FDA inaction over unsafe drugs has prompted search for safer alternatives

Furthermore, the public has become aware the FDA has approved drugs that have not undergone adequate safety testing, and permitted pharmaceutical companies to advertise these very same drugs on television, making unsubstantiated claims of their effectiveness and safety, which resulted in the demise of thousands of Americans. This has prompted millions of Americans to search for safer alternatives to unsafe drugs, namely dietary supplements, to allay symptoms posed by arthritis, headaches, menopause and other conditions.

Dietary supplements are concentrated foods, just as table salt is concentrated sodium. Will physicians be required to report strokes induced by patients who ingest excessive amounts of salt?

Would patients be in a position to report serious side effects?

Pray tell, how would a patient experiencing a serious side effect (death, stroke, cardiac arrest, etc.) be in a position to even ascertain their harmful health event was related to a dietary supplement? The average older American takes 2.4 prescription drugs in addition to dietary supplements. Why are the dietary supplements being fingered for reporting and not the more hazardous drugs?

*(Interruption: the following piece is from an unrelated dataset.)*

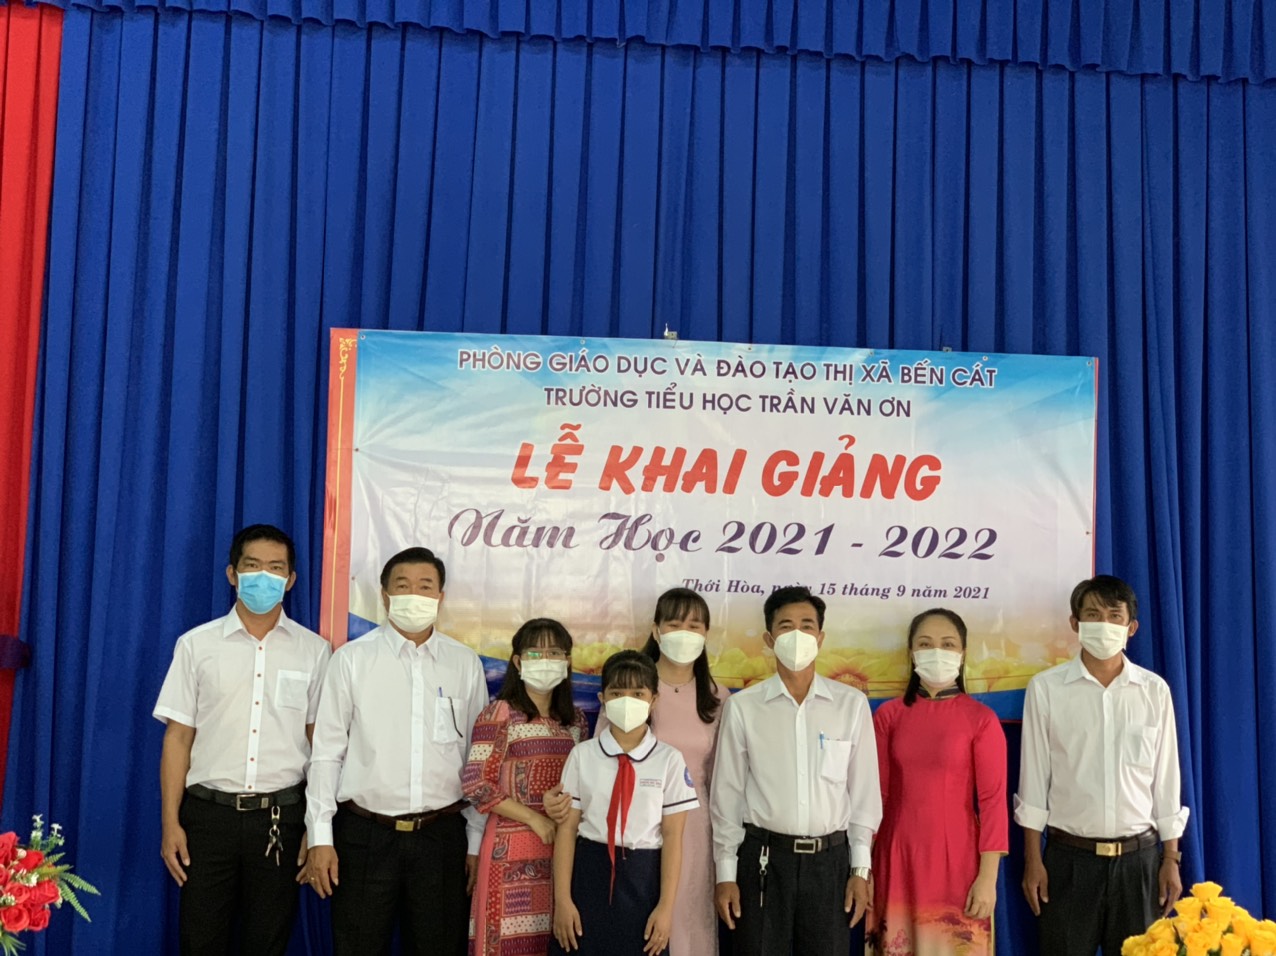 Trường Tiểu học Trần Văn Ơn tổ chức khai giảng trực tuyến ngày 15/9/2021

Drugs and other agents would be unreported

For example, a patient taking aspirin therapy to prevent a heart attack, and steroids to treat arthritis, estrogen replacement therapy for menopause, along with vitamin E, and experiences a heart attack, would have to disclose to their doctor they were taking vitamin E pills. Aspirin, estrogen and steroids deplete the body of vitamin C which weakens blood vessels, induces their collapse, and can result in blockage of a coronary artery that produces a heart attack. But the vitamin E might be unfairly blamed for inducing this event. The patient may also be a smoker and/or alcohol drinker, which further depletes vitamin C and increases the risk for a heart attack. But only the vitamin E pills would be reported to the FDA!

No demonstration project

Virtually all patients and their physicians would be obligated under HR3156 to report to the FDA such adverse events, at a cost of millions of dollars, with no demonstration project that proves threats to public health would be eliminated or the public welfare improved.